The epidemiologic study included patients 65 years and older with overall exposure of > 300,000 patient-years. In the sub-group of diabetic patients receiving high-dose Elsartan (40 mg/d) for > 6 months, there appeared to be an increased risk of death (HR 2.0, 95% CI 1.1, 3.8) compared to similar patients taking other angiotensin receptor blockers. In contrast, high-dose Elsartan use in non-diabetic patients appeared to be associated with a decreased risk of death (HR 0.46, 95% CI 0.24, 0.86) compared to similar patients taking other angiotensin receptor blockers. No differences were observed between the groups receiving lower doses of Elsartan compared to other angiotensin blockers or those receiving therapy for < 6 months.

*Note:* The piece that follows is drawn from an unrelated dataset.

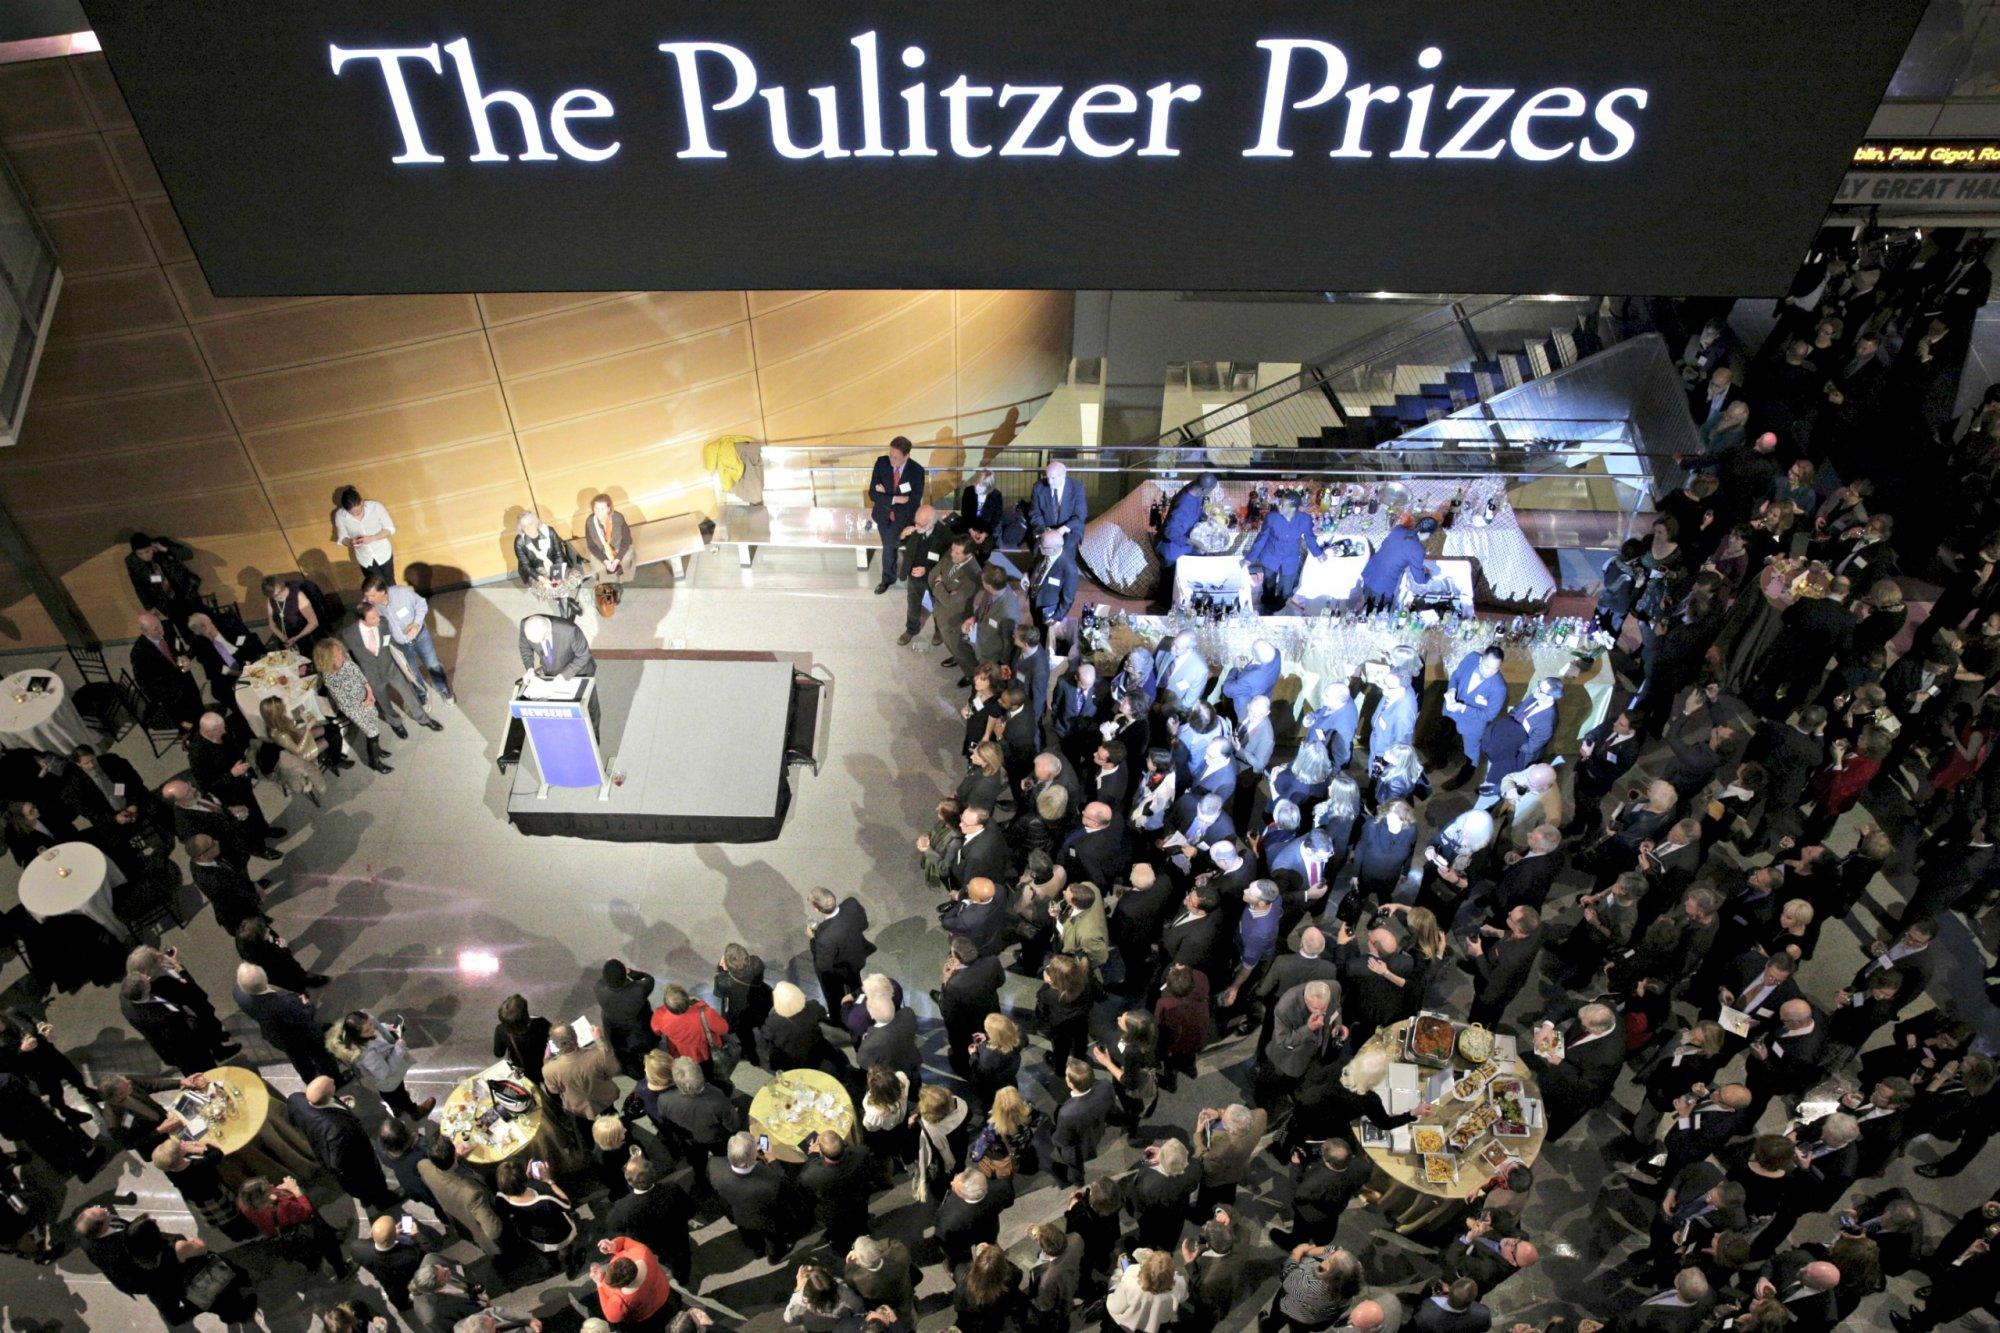 Пулитцеровская премия - одна из самых престижных американских наград для журналистов. Фото: thedailybeast.com

Overall, these data raise a concern of a possible increased CV risk associated with the use of high-dose Elsartan in diabetic patients. There are, however, concerns with the credibility of the finding of increased CV risk, notably the observation in the large epidemiologic study for a survival benefit in non-diabetics of a magnitude similar to the adverse finding in diabetics.